Interesting, how does that work?
 


On Fri, Dec 13, 2019 at 12:49 PM Matthew K. <softm...@gmx.com> wrote:




 


I'm not sure if that could be a problem. I'm *not* running snadalone Spark. I applied some modifications to the code to run Beam tasks on k8s cluster using spark-submit.
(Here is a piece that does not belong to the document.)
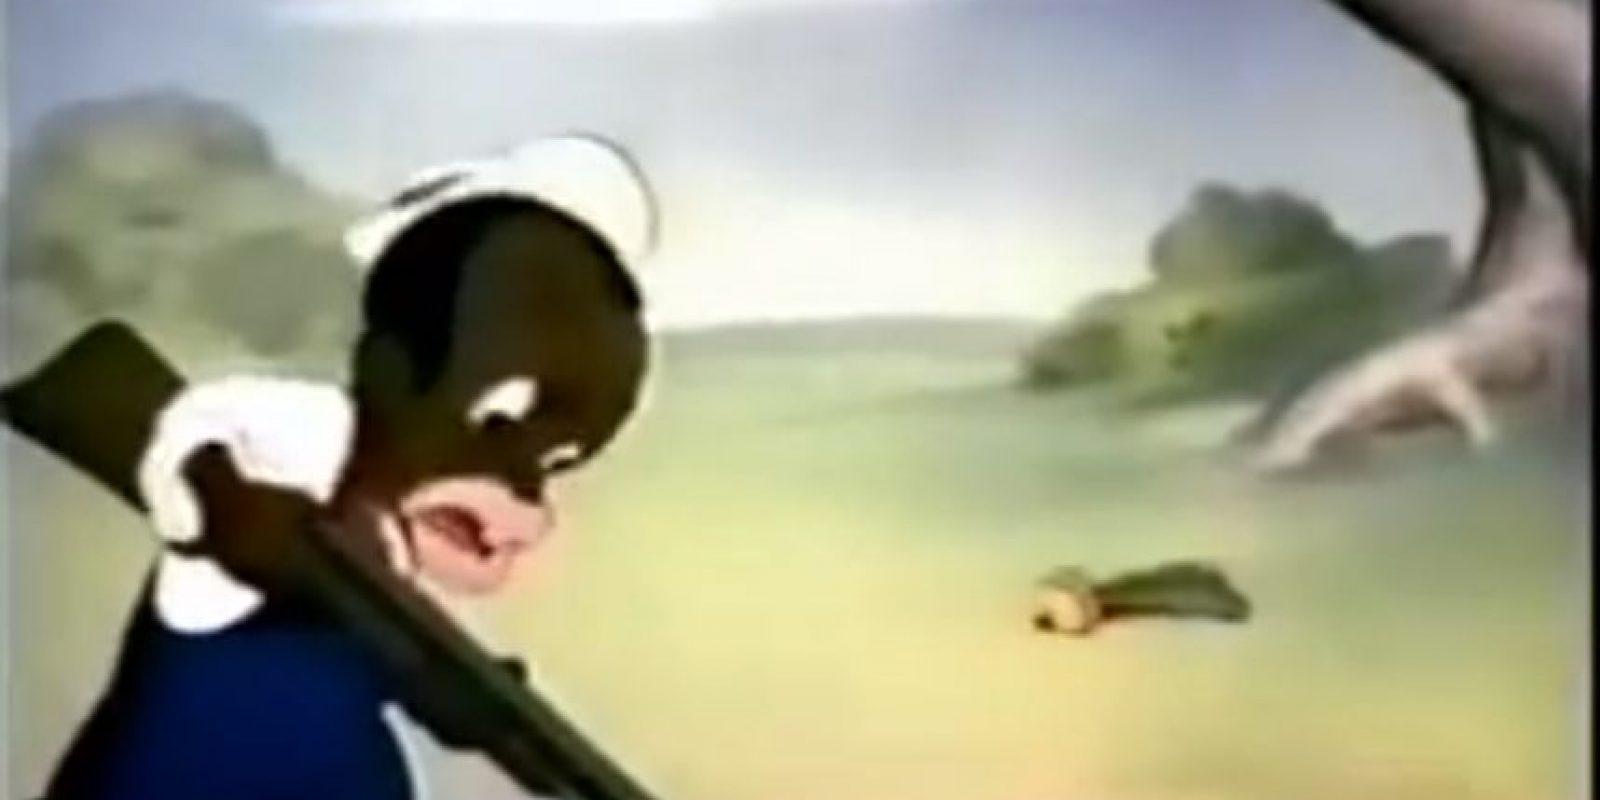 Ahí se ve a un cazador afroamericano acechando a Bugs Bunny. Lo presenta como lerdo y estúpido. Foto:Warner

Therefore, worker nodes are spawned when spark-submit is called and connect to the master, and are supposed to be destroyed when job is finished.

 

Therefore, the crash should have some other reason.

 

Sent: Friday, December 13, 2019 at 2:37 PM
From: "Kyle Weaver" <kcwea...@google.com>
To: dev <dev@beam.apache.org>
Subject: Re: Beam's job crashes on cluster


Correction: should be formatted `spark://host:port`. Should follow the rules here: https://spark.apache.org/docs/latest/submitting-applications.html#master-urls
 


On Fri, Dec 13, 2019 at 12:36 PM Kyle Weaver <kcwea...@google.com> wrote:


You probably will want to add argument `-PsparkMasterUrl=localhost:8080` (or whatever host:port your Spark master is on) to the job-server:runShadow command.
 

Without specifying the master URL, the default is to start an embedded Spark master within the same JVM as the job server, rather than using your standalone master.

 


On Fri, Dec 13, 2019 at 12:15 PM Matthew K. <softm...@gmx.com> wrote:




Job server is running on master node by this:

 


./gradlew :runners:spark:job-server:runShadow --gradle-user-home `pwd`

 

Spark workers (executors) run on separate nodes, sharing /tmp (1GB size) in order to be able to access Beam job's MANIFEST. I'm running Python 2.7.

 

There is no other shared resources between them. A pure Spark job works fine on the cluster (as far as I tested a simple one). If I'm not wrong, beam job executes with no problem when all master and workers run on the same node (but separate containers).

 

Sent: Friday, December 13, 2019 at 1:49 PM
From: "Kyle Weaver" <kcwea...@google.com>
To: dev@beam.apache.org
Subject: Re: Beam's job crashes on cluster




> Do workers need to talk to job server independent from spark executors?

 

No, they don't.

 

From the time stamps in your logs, it looks like the sigbus happened after the executor was lost.

 

Some additional info that might help us establish a chain of causation:

- the arguments you used to start the job server?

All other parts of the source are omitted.